# Panasonic GX9



## stapo49 (Jul 22, 2018)

Anyone else using one of these? I picked one up recently as my daughter "borrowed " my Olympus OMD 10 II lol.  I seems to have attracted a lot of negative comments on some forums. I would have liked G9 but  a bit out of my budget. 

Sent from my SM-G965F using Tapatalk


----------



## stapo49 (Jul 22, 2018)

stapo49 said:


> Anyone else using one of these? I picked one up recently as my daughter "borrowed " my Olympus OMD 10 II lol.  I seems to have attracted a lot of negative comments on some forums. I would have liked G9 but  a bit out of my budget.
> 
> Sent from my SM-G965F using Tapatalk


Sorry meant "it" seems not "I".

Sent from my SM-G965F using Tapatalk


----------



## Jeff15 (Jul 23, 2018)

Go for the G9 its worth every penny.....


----------



## stapo49 (Jul 23, 2018)

Jeff15 said:


> Go for the G9 its worth every penny.....


I would have loved to but my budget didnt stretch that far. Also I wanted something smaller for travel. We are off to Europe at end of year. I  do a bit of bush walking so also wanted something reasonably light.

Sent from my SM-G965F using Tapatalk


----------



## waday (Jul 23, 2018)

stapo49 said:


> I seems to have attracted a lot of negative comments on some forums.


Honestly curious: what forums and what is the criticism of the GX9?


----------



## stapo49 (Jul 23, 2018)

waday said:


> stapo49 said:
> 
> 
> > I seems to have attracted a lot of negative comments on some forums.
> ...


One was dpreview. There where other  I looked at randomly plus reviews The main gripes seem to be with;

. Field sequential EVF 
. No weather sealing
. No audio ports
. Down grade from G8
.LCD only tilts and not fully articulated
. Something about the stabilization and and shutter not being not as good as G9.
. It's a minor upgrade to GX85

Etc, etc. You get the picture.


Sent from my SM-G965F using Tapatalk


----------



## waday (Jul 23, 2018)

stapo49 said:


> waday said:
> 
> 
> > stapo49 said:
> ...


LOL. Yeah, that makes sense from dpreview.

(Some) people are never satisfied with upgraded cameras, especially those on tech heavy forums.

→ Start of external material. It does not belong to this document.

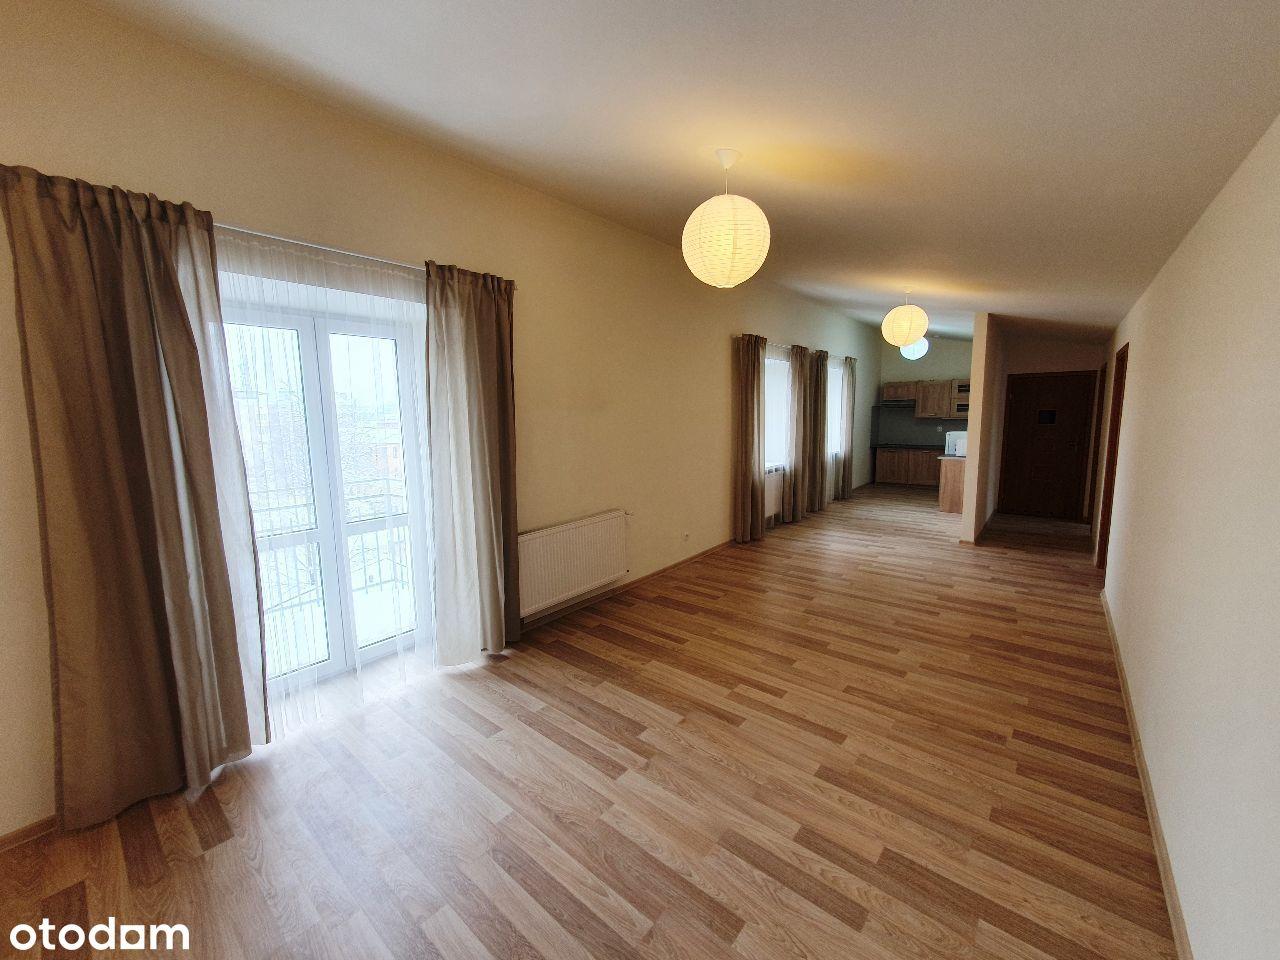 Mieszkanie na sprzedaż, Łódź, Śródmieście

I feel like I see this all the time:

_"It should have all these upgraded features that I want, it should smaller than previous versions, it should weigh less, it should be able to be fully submerged in water and capable of being thrown off a cliff, it should be able to levitate to alleviate the need for a tripod, and it should be the exact same as the more expensive new model but it should cost the same as a used older version... oh, but I won't ever use that camera because I have multiple G9's and a couple of Leicas that are my go-to cameras."_​
I have no time for those people or comments.


----------



## stapo49 (Jul 23, 2018)

waday said:


> stapo49 said:
> 
> 
> > waday said:
> ...


Nicely put mate. There was even one guy I noticed on a few forums with the same rant about what Panasonic should have done.  For a while there I thought perhaps I had made a mistake buying the GX9 but then I just stopped reading the forums lol

Sent from my SM-G965F using Tapatalk


----------



## waday (Jul 23, 2018)

stapo49 said:


> but then I just stopped reading the forums


Good call! Don't let people talk you into thinking you've made a mistake. Go out, take pictures, enjoy the camera.

It's good to see more and more micro four thirds users on here! I have an Oly EM1.


----------



## stapo49 (Jul 23, 2018)

waday said:


> stapo49 said:
> 
> 
> > but then I just stopped reading the forums
> ...


I am with you mate! Oly EM1looks great.

Sent from my SM-G965F using Tapatalk


----------